But if our class is narrow, it is possible that there is no true model within the class or a model close to the true one. It means that there will be greater residual error or larger number of errors even on the training set. So the problem of model complexity choice arises – to find a balance between errors due to limited number of training data and errors due to excessive model simplicity. I shall review different approaches to the problem.
Bio:
Alexey Chervonenkis was born in Moscow, Russia, in 1938. A graduate of Moscow Institute of Physics and Technology, he joined the Institute of Control Sciences of Russian Academy of Sciences in Moscow in early 60s, where he worked ever since, currently holding the position of Leading Researcher. He also holds a Professorship at Royal Holloway University in London, UK, and teaches at Yandex School of Data Analysis in Moscow. He is mostly known as one of the main developers of the fundamental Vapnik-Chervonenkis theory, a central part of the modern machine learning theory. Besides theoretical work, he has worked on a number of application areas.
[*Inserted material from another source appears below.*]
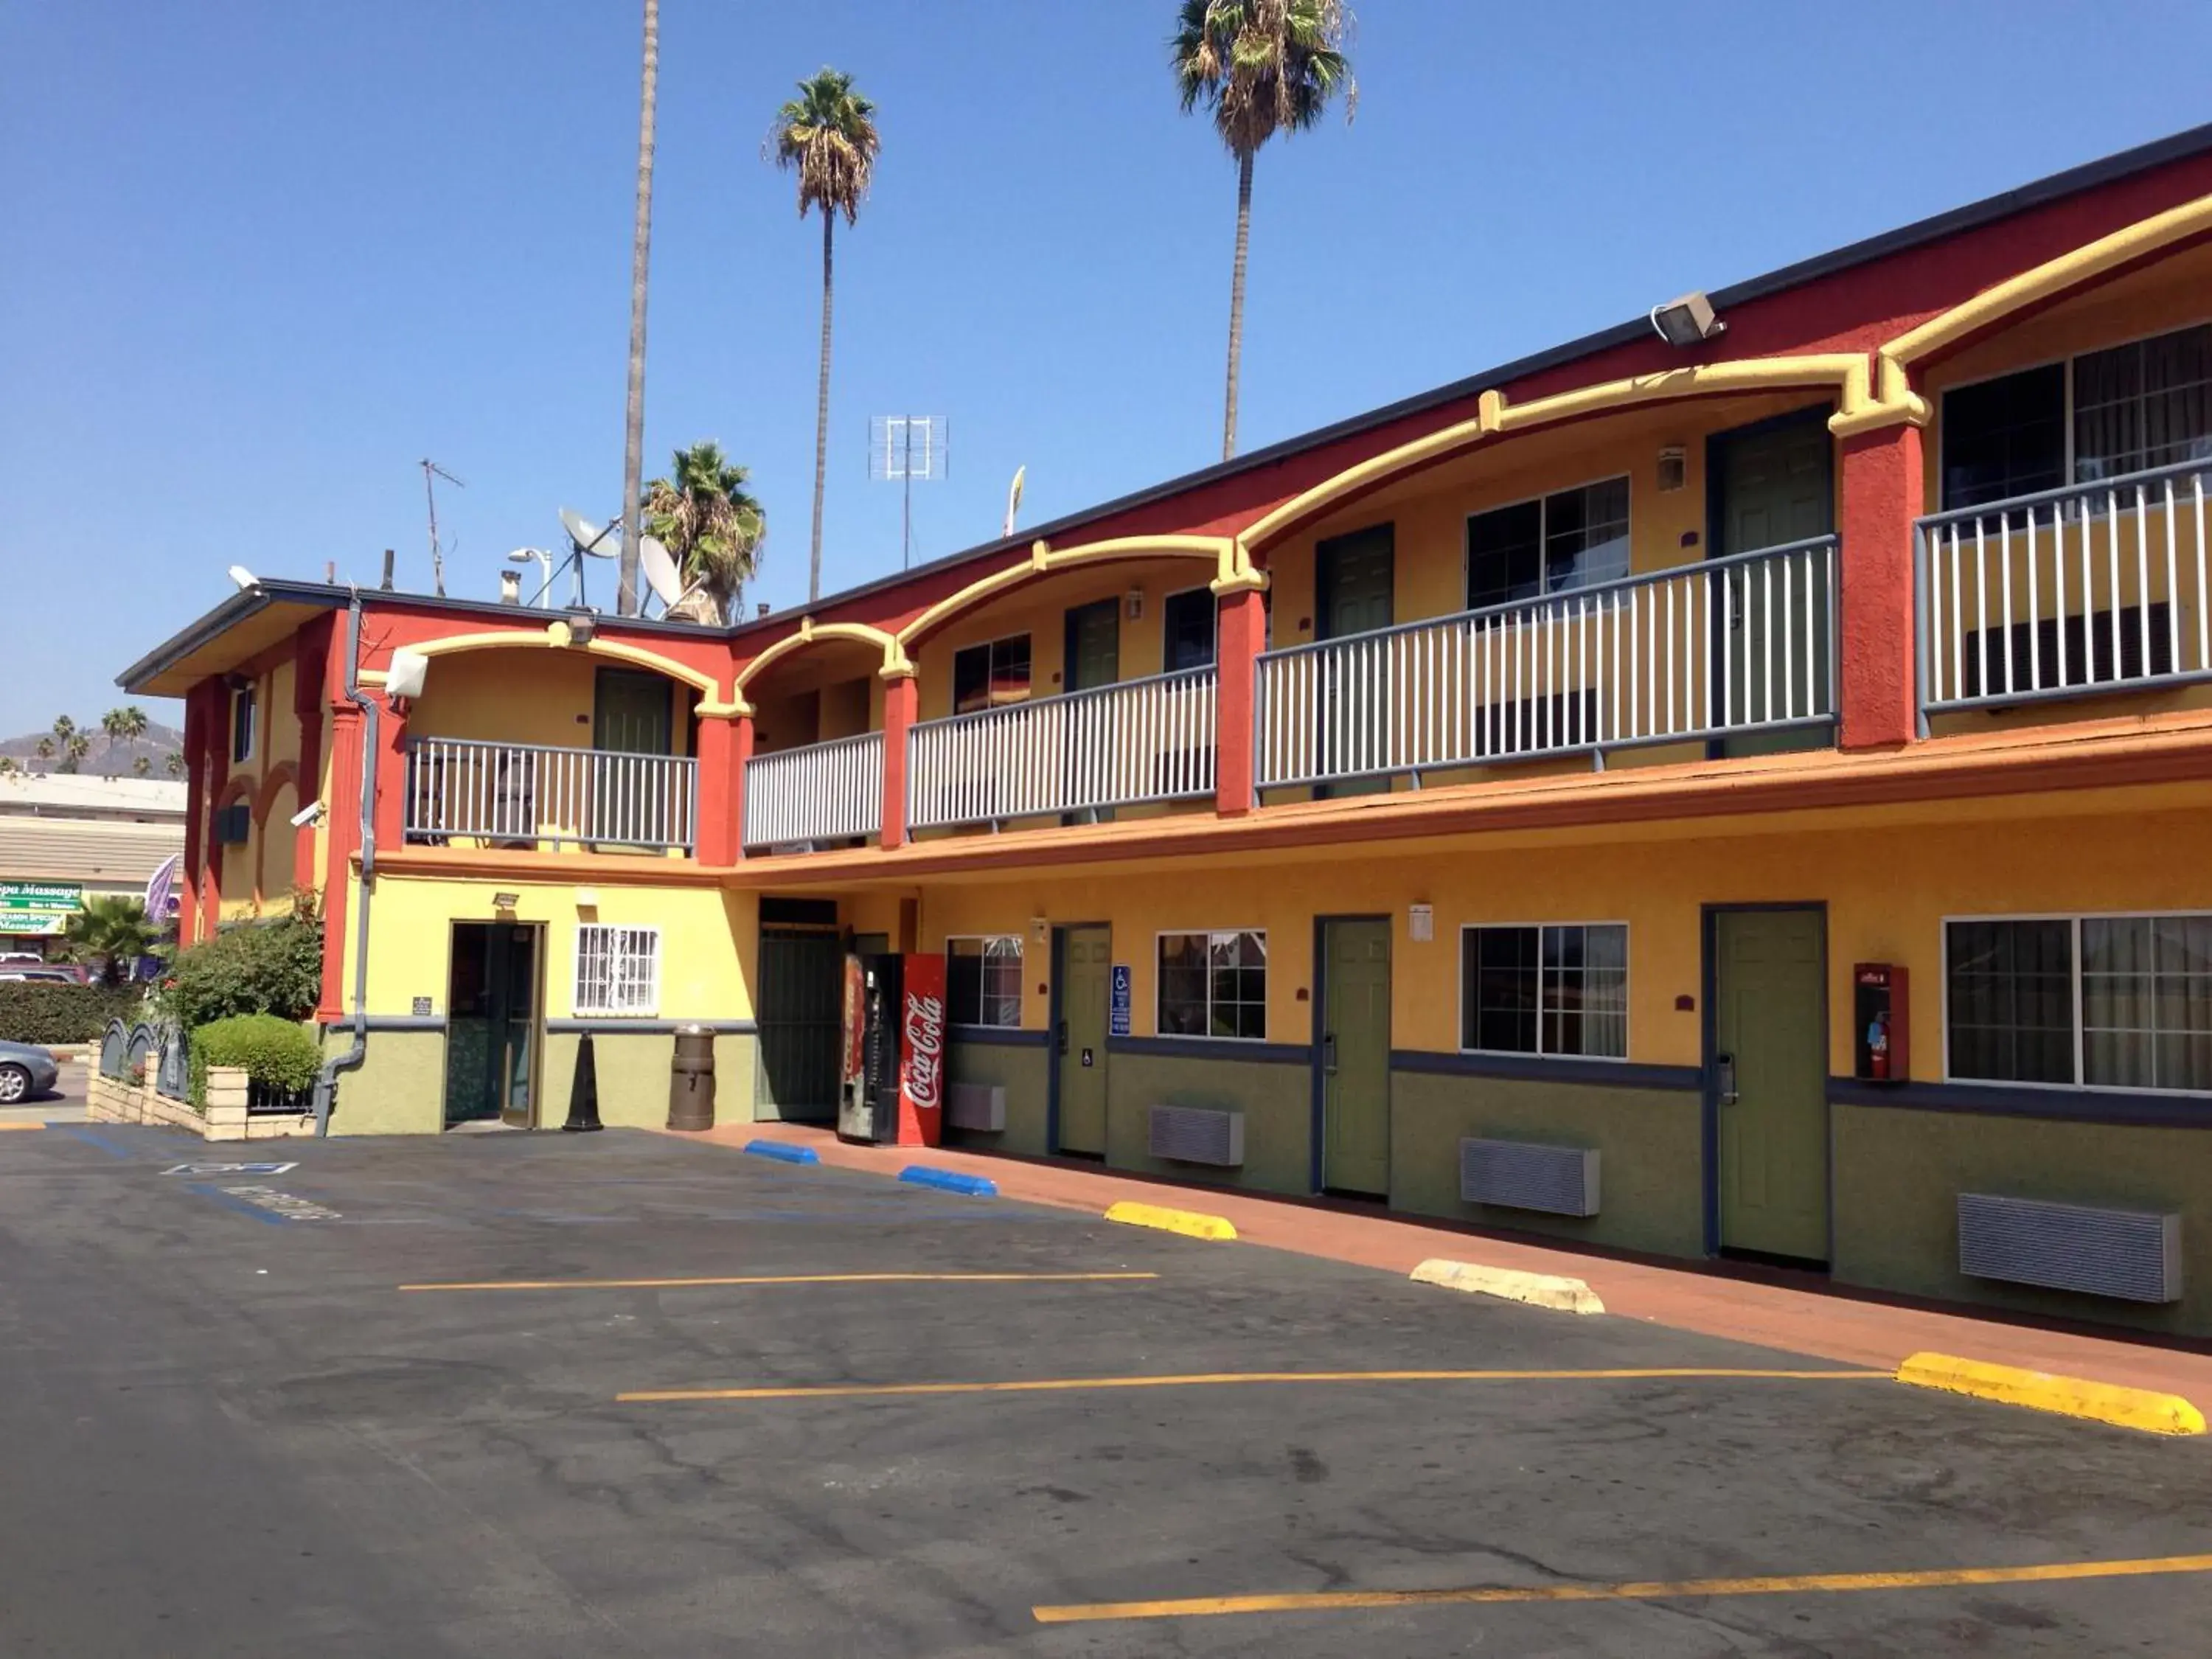 Property Building in Economy Inn Hollywood

In 1987 he was awarded the State Prize of the Soviet Union for his work on the geostatistical analysis of spatial grade distribution in ore deposits and development of practical mining control systems.
This event is sponsored by NSF/DHS FODAVA grant, School of Mathematics, Division of Computational Science and Engineering, Algorithms and Randomness Center, and Machine Learning and Data Mining Seminar Series grant by Yahoo.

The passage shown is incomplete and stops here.